Ahnesjö A
Department of Radiation Physics, Karolinska Institute, Stockholm, Sweden.
Med Phys. 1989 Jul-Aug;16(4):577-92. doi: 10.1118/1.596360.
A method for photon beam dose calculations is described. The primary photon beam is raytraced through the patient, and the distribution of total radiant energy released into the patient is calculated. Polyenergetic energy deposition kernels are calculated from the spectrum of the beam, using a database of monoenergetic kernels. It is shown that the polyenergetic kernels can be analytically described with high precision by (A exp( -ar) + B exp( -br)/r2, where A, a, B, and b depend on the angle with respect to the impinging photons and the accelerating potential, and r is the radial distance. Numerical values of A, a, B, and b are derived and used to convolve energy deposition kernels with the total energy released per unit mass (TERMA) to yield dose distributions. The convolution is facilitated by the introduction of the collapsed cone approximation. In this approximation, all energy released into coaxial cones of equal solid angle, from volume elements on the cone axis, is rectilinearly transported, attenuated, and deposited in elements on the axis. Scaling of the kernels is implicitly done during the convolution procedure to fully account for inhomogeneities present in the irradiated volume. The number of computational operations needed to compute the dose with the method is proportional to the number of calculation points. The method is tested for five accelerating potentials; 4, 6, 10, 15, and 24 MV, and applied to two geometries; one is a stack of slabs of tissue media, and the other is a mediastinum-like phantom of cork and water. In these geometries, the EGS4 Monte Carlo system has been used to generate reference dose distributions with which the dose computed with the collapsed cone convolution method is compared. Generally, the agreement between the methods is excellent. Deviations are observed in situations of lateral charged particle disequilibrium in low density media, however, but the result is superior compared to that of the generalized Batho method.

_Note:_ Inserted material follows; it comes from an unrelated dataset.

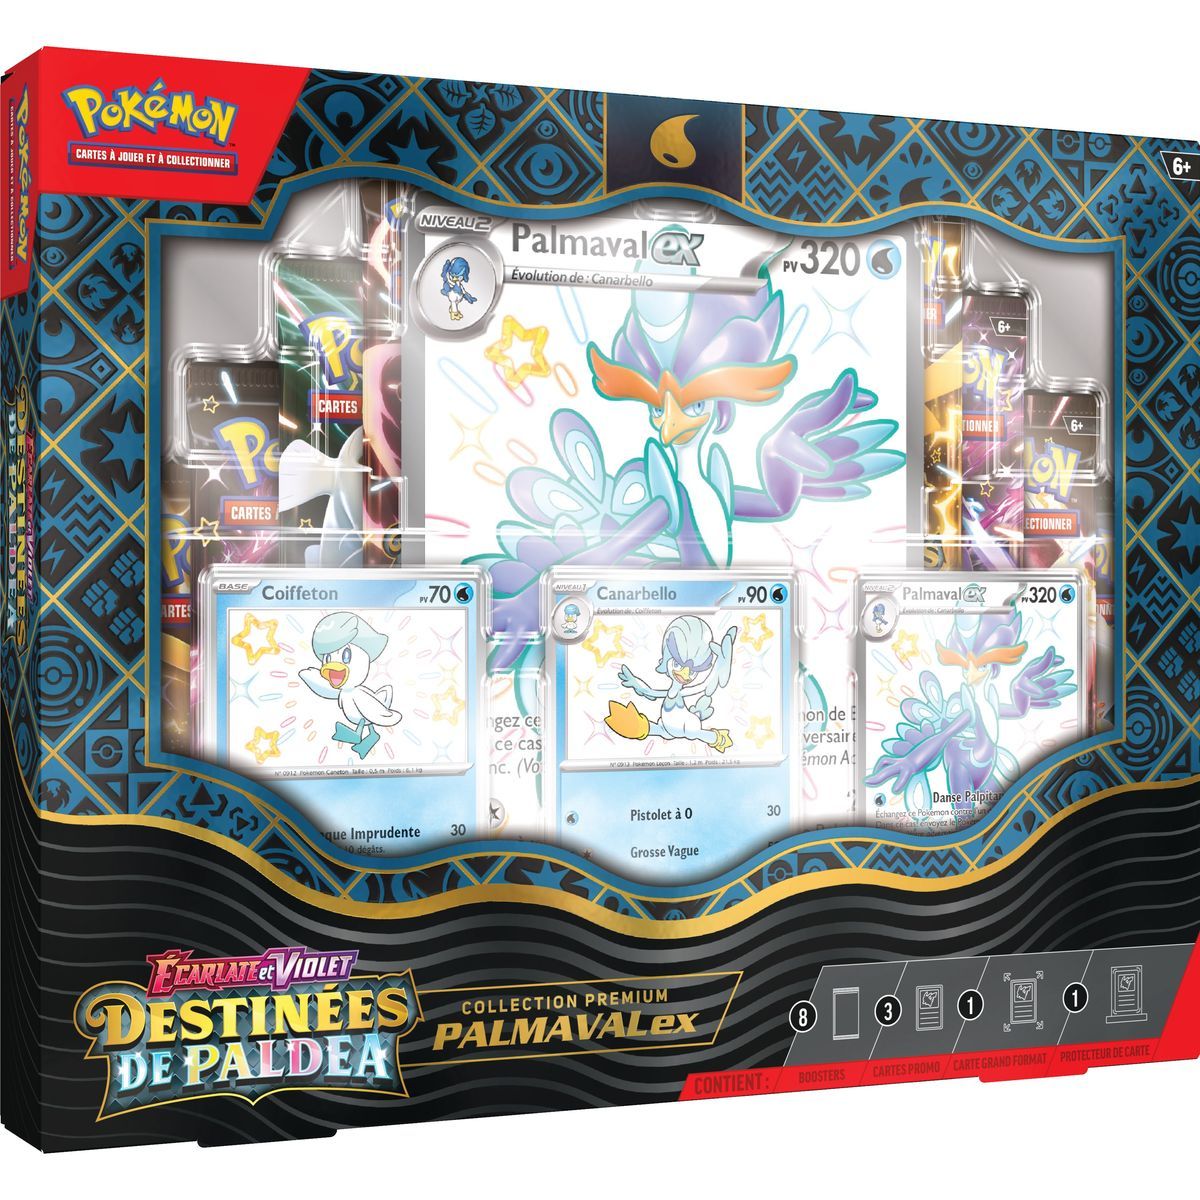 Pokémon - Coffret Collection Écarlate et Violet : Destinées de Paldea Palmaval-EX -[SV04.5 - EV04.5] - FR
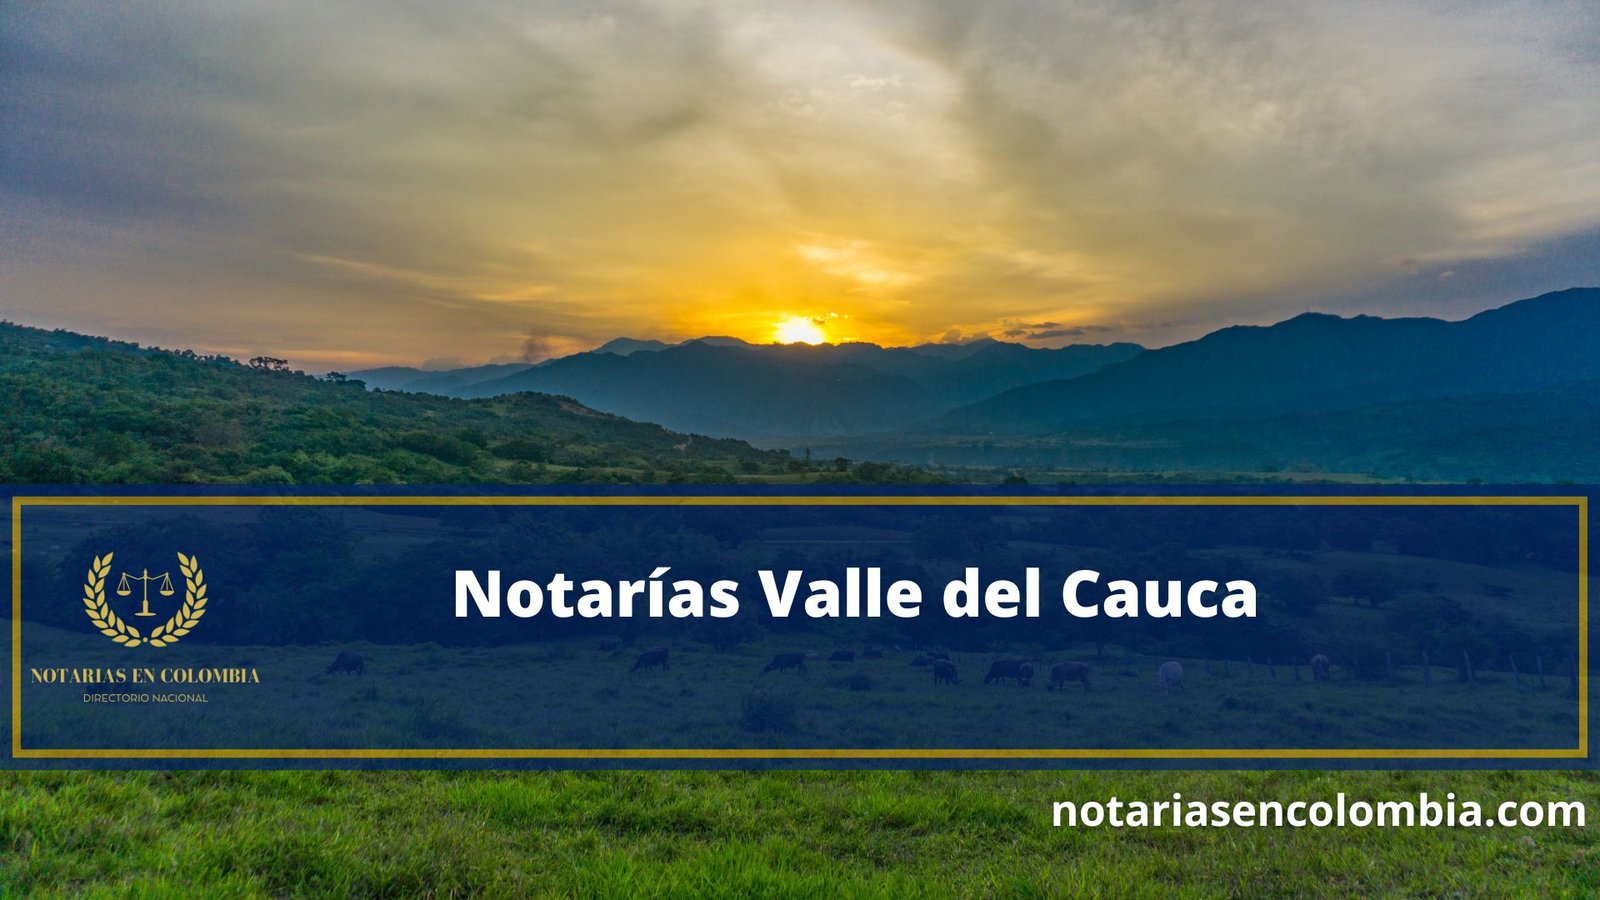 Notarías Valle del Cauca

描述了一种光子束剂量计算方法。初级光子束通过患者进行光线追踪,并计算释放到患者体内的总辐射能量分布。利用单能核数据库,根据束流光谱计算多能能量沉积核。结果表明,多能核可以用(A exp( -ar) + B exp( -br)/r2)进行高精度的解析描述,其中A、a、B和b取决于相对于入射光子的角度和加速电位,r是径向距离。推导了A、a、B和b的数值,并用于将能量沉积核与每单位质量释放的总能量(TERMA)进行卷积以产生剂量分布。通过引入坍缩锥近似来促进卷积。在这种近似中,从锥轴上的体积元释放到等立体角的同轴锥中的所有能量,都沿直线传输、衰减并沉积在轴上的元中。在卷积过程中隐含地对核进行缩放,以充分考虑受照体积中存在的不均匀性。用该方法计算剂量所需的计算操作数与计算点数成正比。该方法针对5种加速电位(4、6、10、15和24 MV)进行了测试,并应用于两种几何形状;一种是组织介质平板堆栈,另一种是类似纵隔的软木和水的体模。在这些几何形状中,EGS4蒙特卡罗系统已用于生成参考剂量分布,并与用坍缩锥卷积法计算的剂量进行比较。一般来说,两种方法之间的一致性非常好。然而,在低密度介质中横向带电粒子不平衡的情况下观察到偏差,但结果比广义巴托方法的结果要好。